Note that there are two storage formats here, the front is to store the SKSL compiled binary file, and the back is to store the SKSL source code

frameworks/base/libs/hwui/pipeline/skia/ShaderCache.cpp

void ShaderCache::store(const SkData& key, const SkData& data, const SkString& /*description*/) {
    ATRACE_NAME("ShaderCache::store");
    std::lock_guard<std::mutex> lock(mMutex);
    mNumShadersCachedInRam++;
    ATRACE_FORMAT("HWUI RAM cache: %d shaders", mNumShadersCachedInRam);

    if (!mInitialized) {
        return;
    }

    size_t valueSize = data.size();
    size_t keySize = key.size();
    if (keySize == 0 || valueSize == 0 || valueSize >= maxValueSize) {
        ALOGW("ShaderCache::store: sizes %d %d not allowed", (int)keySize, (int)valueSize);
        return;
    }

    const void* value = data.data();

    BlobCache* bc = getBlobCacheLocked();
    if (mInStoreVkPipelineInProgress) {
        if (mOldPipelineCacheSize == -1) {
            // Record the initial pipeline cache size stored in the file.
            mOldPipelineCacheSize = bc->get(key.data(), keySize, nullptr, 0);
        }
        if (mNewPipelineCacheSize != -1 && mNewPipelineCacheSize == valueSize) {
            // There has not been change in pipeline cache size.
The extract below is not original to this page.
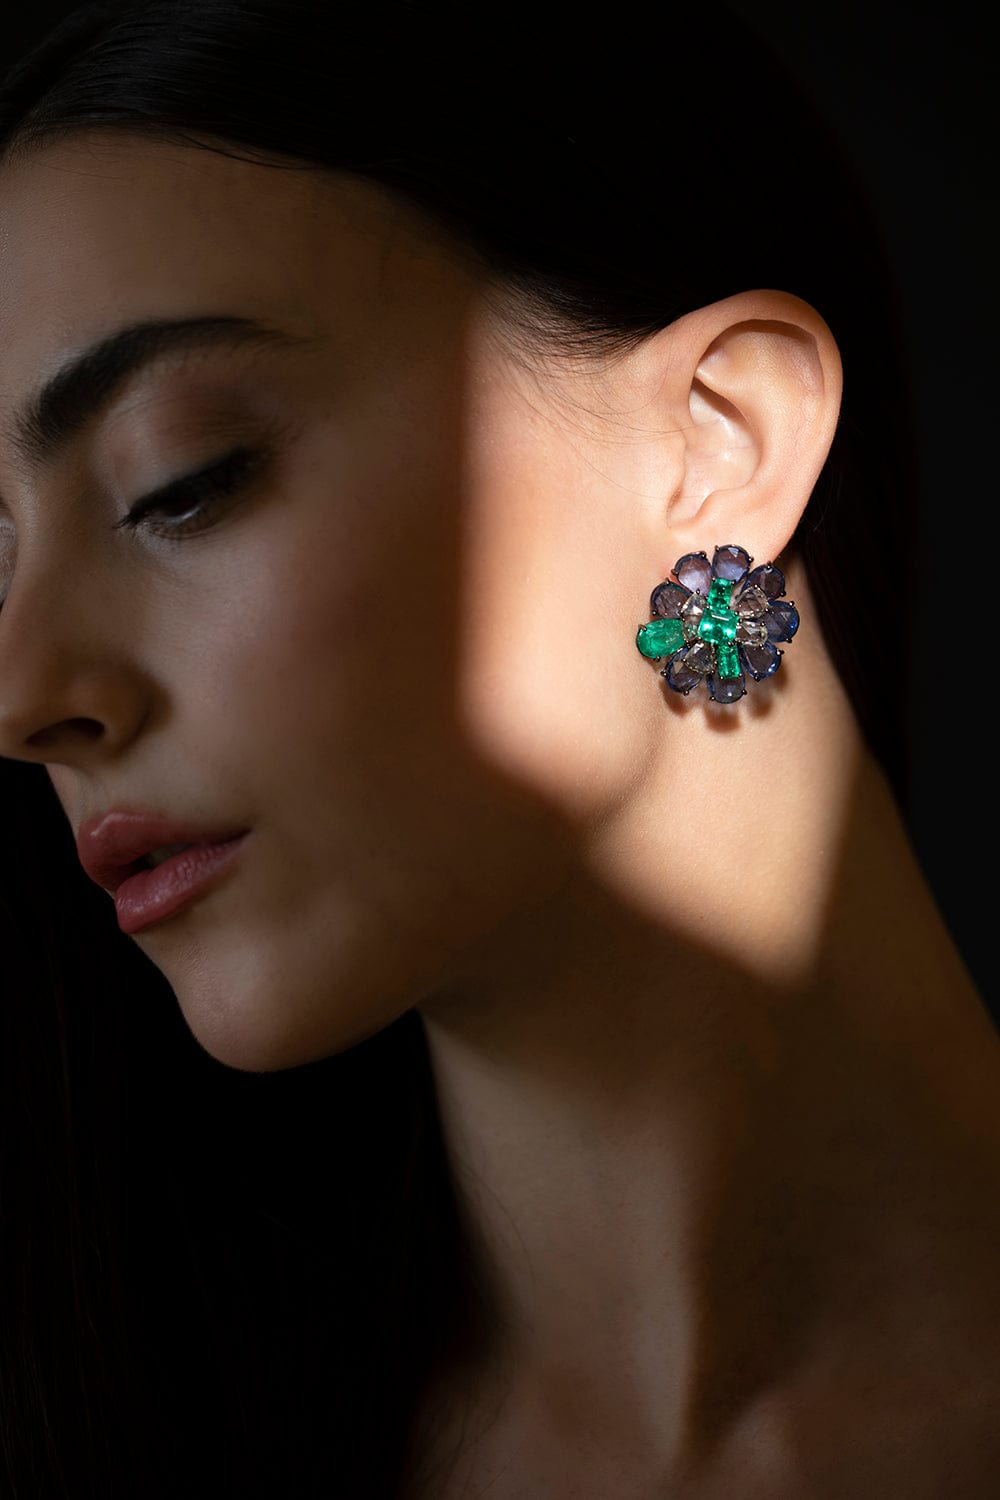 SUTRA-Emerald Blue Sapphire Flower Earrings-WHITE GOLD

Stop trying to save.
            mTryToStorePipelineCache = false;
            return;
        }
        mNewPipelineCacheSize = valueSize;
    } else {
        mCacheDirty = true;
        // If there are new shaders compiled, we probably have new pipeline state too.
        // Store pipeline cache on the next flush.
        mNewPipelineCacheSize = -1;
        mTryToStorePipelineCache = true;
    }
    set(bc, key.data(), keySize, value, valueSize);

    if (!mSavePending && mDeferredSaveDelayMs > 0) {
        mSavePending = true;
        std::thread deferredSaveThread([this]() {
            usleep(mDeferredSaveDelayMs * 1000);  // milliseconds to microseconds
            std::lock_guard<std::mutex> lock(mMutex);
            // Store file on disk if there a new shader or Vulkan pipeline cache size changed.
            if (mCacheDirty || mNewPipelineCacheSize != mOldPipelineCacheSize) {
                saveToDiskLocked();
                mOldPipelineCacheSize = mNewPipelineCacheSize;
                mTryToStorePipelineCache = false;
                mCacheDirty = false;
            }
            mSavePending = false;
        });
        deferredSaveThread.detach();
    }
}

Finally, save it to the local path through saveToDiskLocked, that is, data/user_de/0/${packagename}/code_cache/com.android.skia.shaders_cache

frameworks/native/opengl/libs/EGL/FileBlobCache.cpp

void FileBlobCache::writeToFile() {
    if (mFilename.length() > 0) {
        size_t cacheSize = getFlattenedSize();
        size_t headerSize = cacheFileHeaderSize;
        const char* fname = mFilename.c_str();

        // Try to create the file with no permissions so we can write it
        // without anyone trying to read it.
        int fd = open(fname, O_CREAT | O_EXCL | O_RDWR, 0);
        if (fd == -1) {
            if (errno == EEXIST) {
                // The file exists, delete it and try again.
                if (unlink(fname) == -1) {
                    // No point in retrying if the unlink failed.
                    ALOGE("error unlinking cache file %s: %s (%d)", fname,
                            strerror(errno), errno);
                    return;
                }
                // Retry now that we've unlinked the file.
                fd = open(fname, O_CREAT | O_EXCL | O_RDWR, 0);
            }
            if (fd == -1) {
                ALOGE("error creating cache file %s: %s (%d)", fname,
                        strerror(errno), errno);
                return;
            }
        }

        size_t fileSize = headerSize + cacheSize;

        uint8_t* buf = new uint8_t [fileSize];
        if (!buf) {
            ALOGE("error allocating buffer for cache contents: %s (%d)",
                    strerror(errno), errno);
            close(fd);
            unlink(fname);
            return;
        }

        int err = flatten(buf + headerSize, cacheSize);
        if (err < 0) {
            ALOGE("error writing cache contents: %s (%d)", strerror(-err),
                    -err);
            delete [] buf;
            close(fd);
            unlink(fname);
            return;
        }

        // Write the file magic and CRC
        memcpy(buf, cacheFileMagic, 4);
        uint32_t* crc = reinterpret_cast<uint32_t*>(buf + 4);
        *crc = crc32c(buf + headerSize, cacheSize);

        if (write(fd, buf, fileSize) == -1) {
            ALOGE("error writing cache file: %s (%d)", strerror(errno),
                    errno);
            delete [] buf;
            close(fd);
            unlink(fname);
            return;
        }

        delete [] buf;
        fchmod(fd, S_IRUSR);
        close(fd);
    }
}

Finally, it is written to the file through the writeToFile of FileBlobCache.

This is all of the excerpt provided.